The vertebral artery , the first branch of which is the inferior posterior cerebelli artery , lies on both sides of the severed spinal cord (the butterfly-shaped structure) .

The inferior posterior cerebellar artery ( Latin for "lower rear cerebellar artery"; in clinical jargon also PICA , after English posterior inferior cerebellar artery ) is a pair of arterial blood vessels and one of the vessels supplying the brain . Normally it arises from the vertebral arteries ( arteriae vertebrales ) shortly before their confluence with the arteria basilaris as the branch of the largest caliber, circles the medulla oblongata (elongated medulla) towards the back towards the cerebellum and occurs between the X. and the XI. Cranial nerves through. In addition to the supply of most of the inferior cerebellar hemispheres and the sub-worm smaller side branches are also available for the perfusion of the posterior and lateral medulla oblongata responsible.
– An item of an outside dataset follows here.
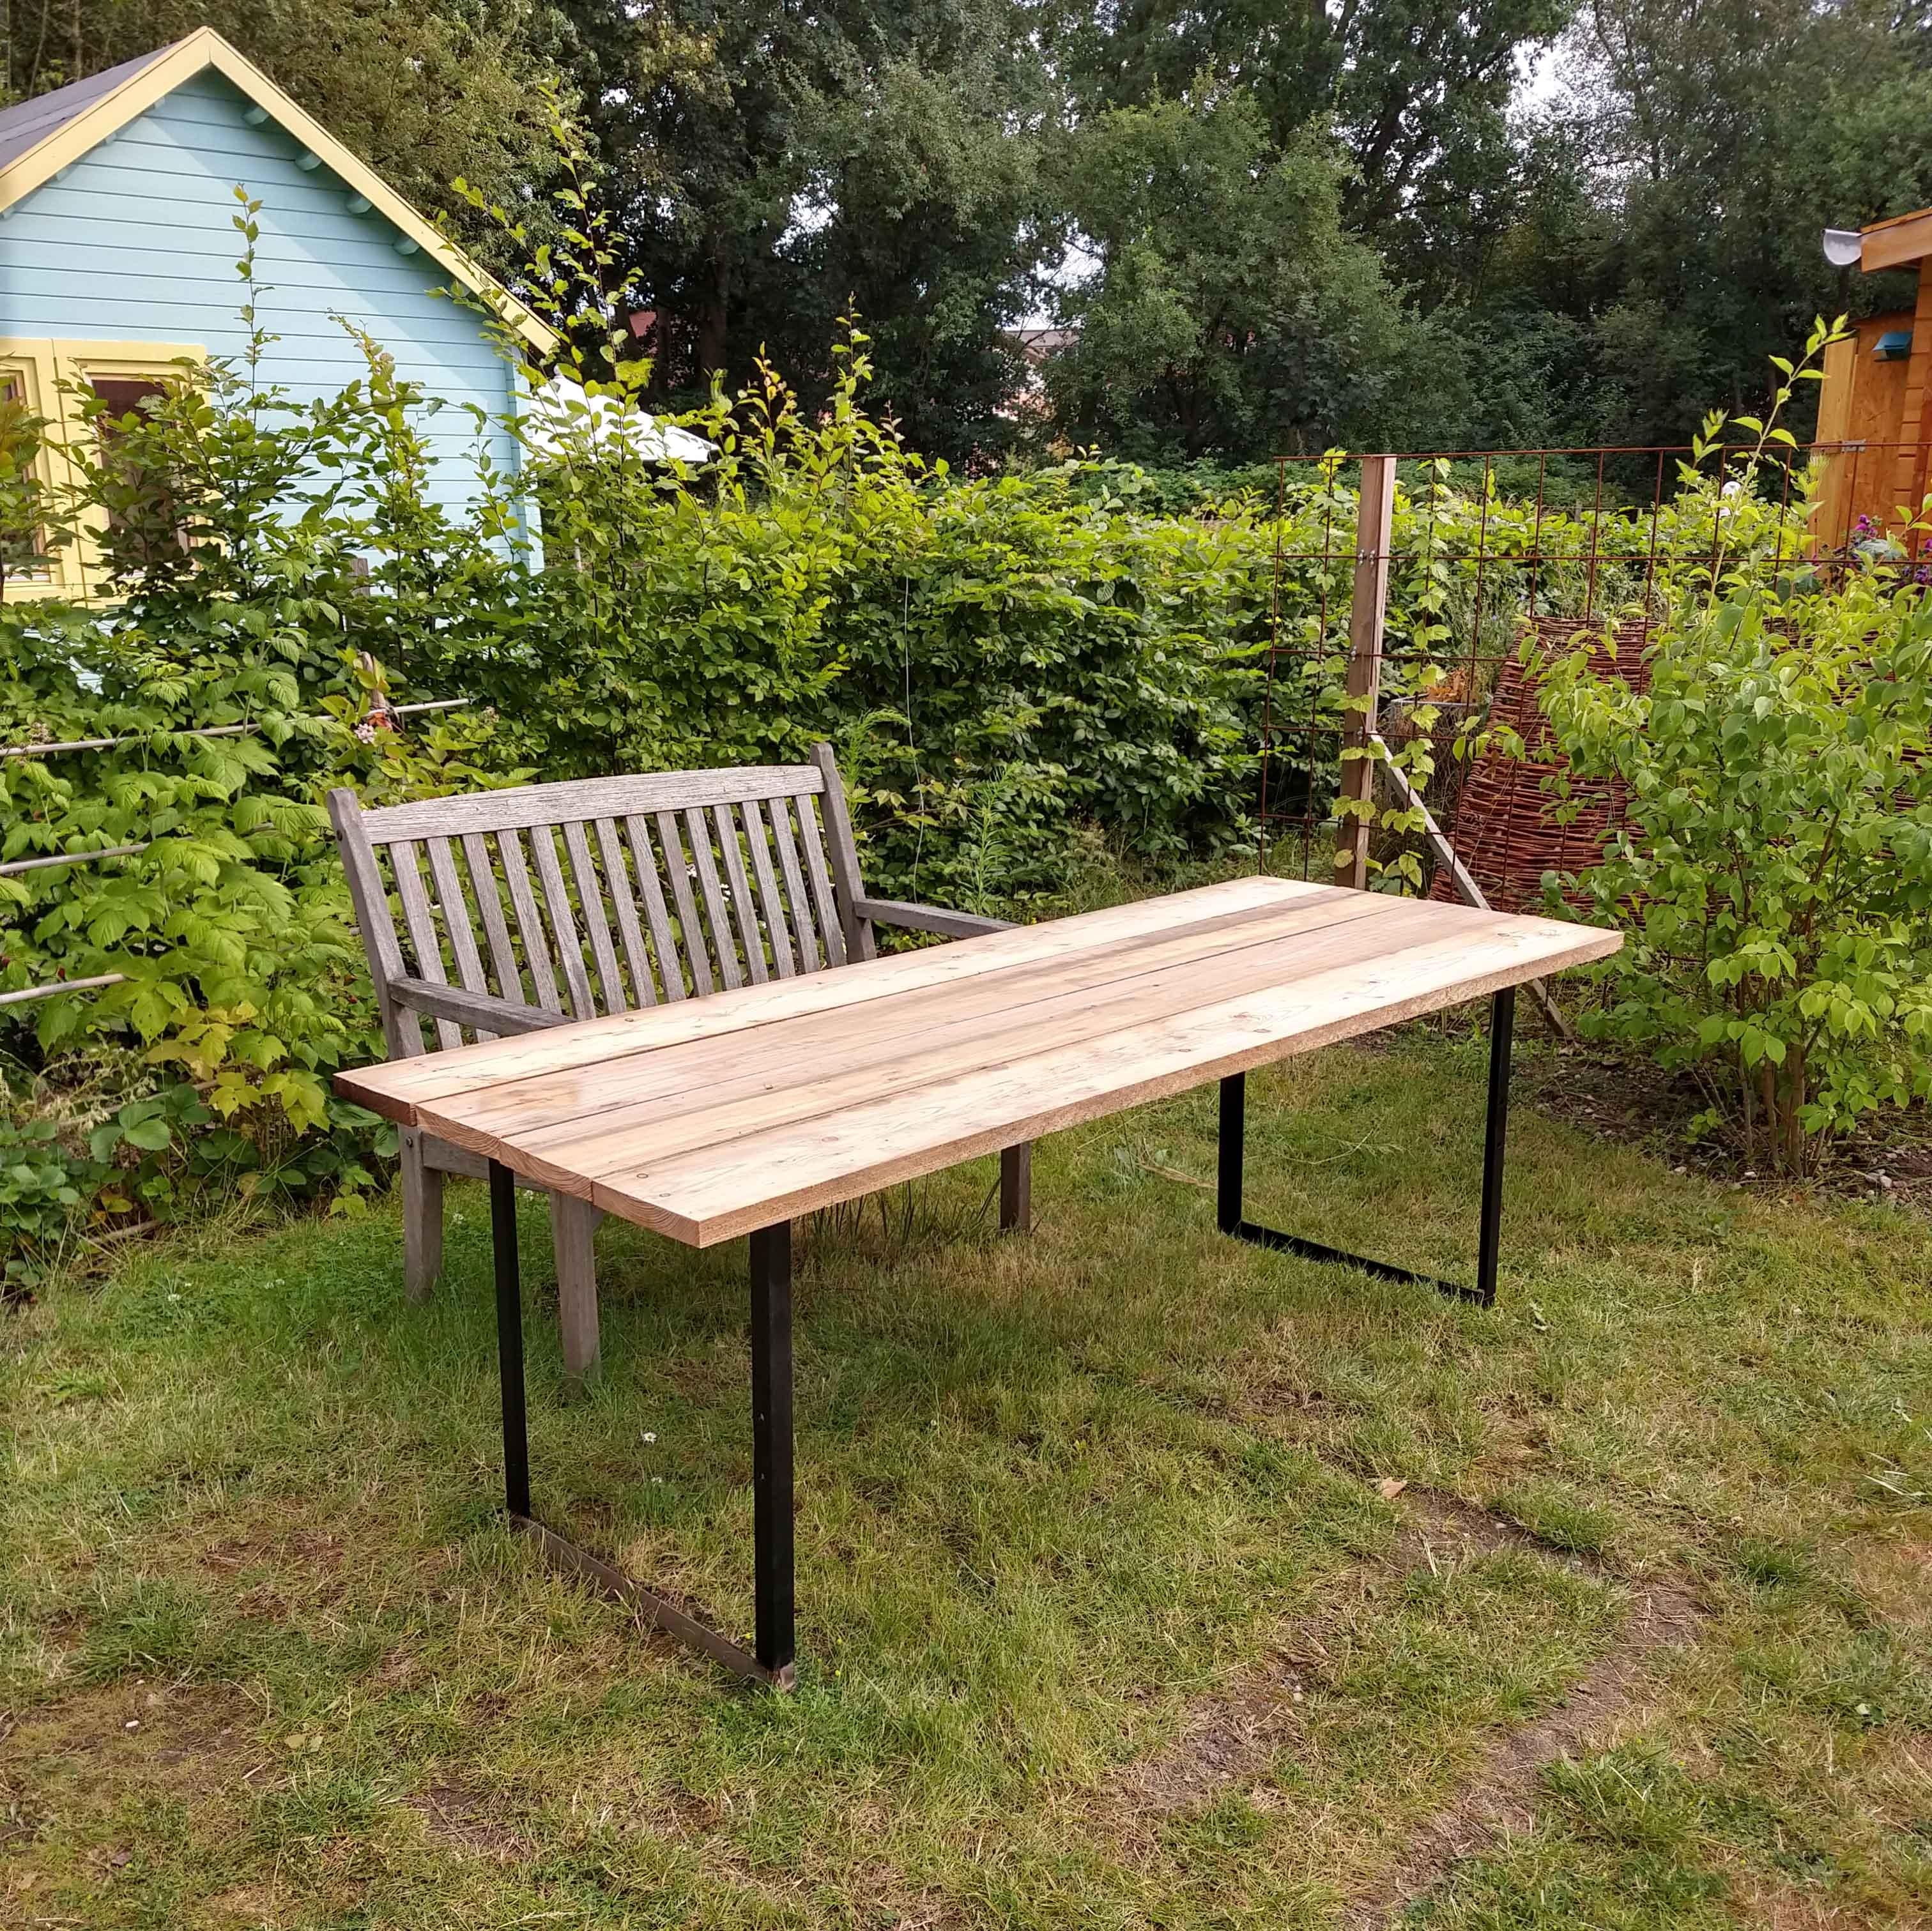 Das #DIY-Projekt #Gartentisch ist fast fertig – fehlt noch die passende Bank! #Garten

The course and size of the inferior posterior cerebellar artery are subject to marked variability. In about 10% of cases it emerges directly from the basilar artery .

An occlusion of the inferior posterior cerebellar artery leads to a cerebellar infarction and, if the proximal branches of the rami medullares mediales et laterales are closed , additional damage to the dorsolateral medulla oblongata can lead to a complex and variable symptom, the Wallenberg syndrome .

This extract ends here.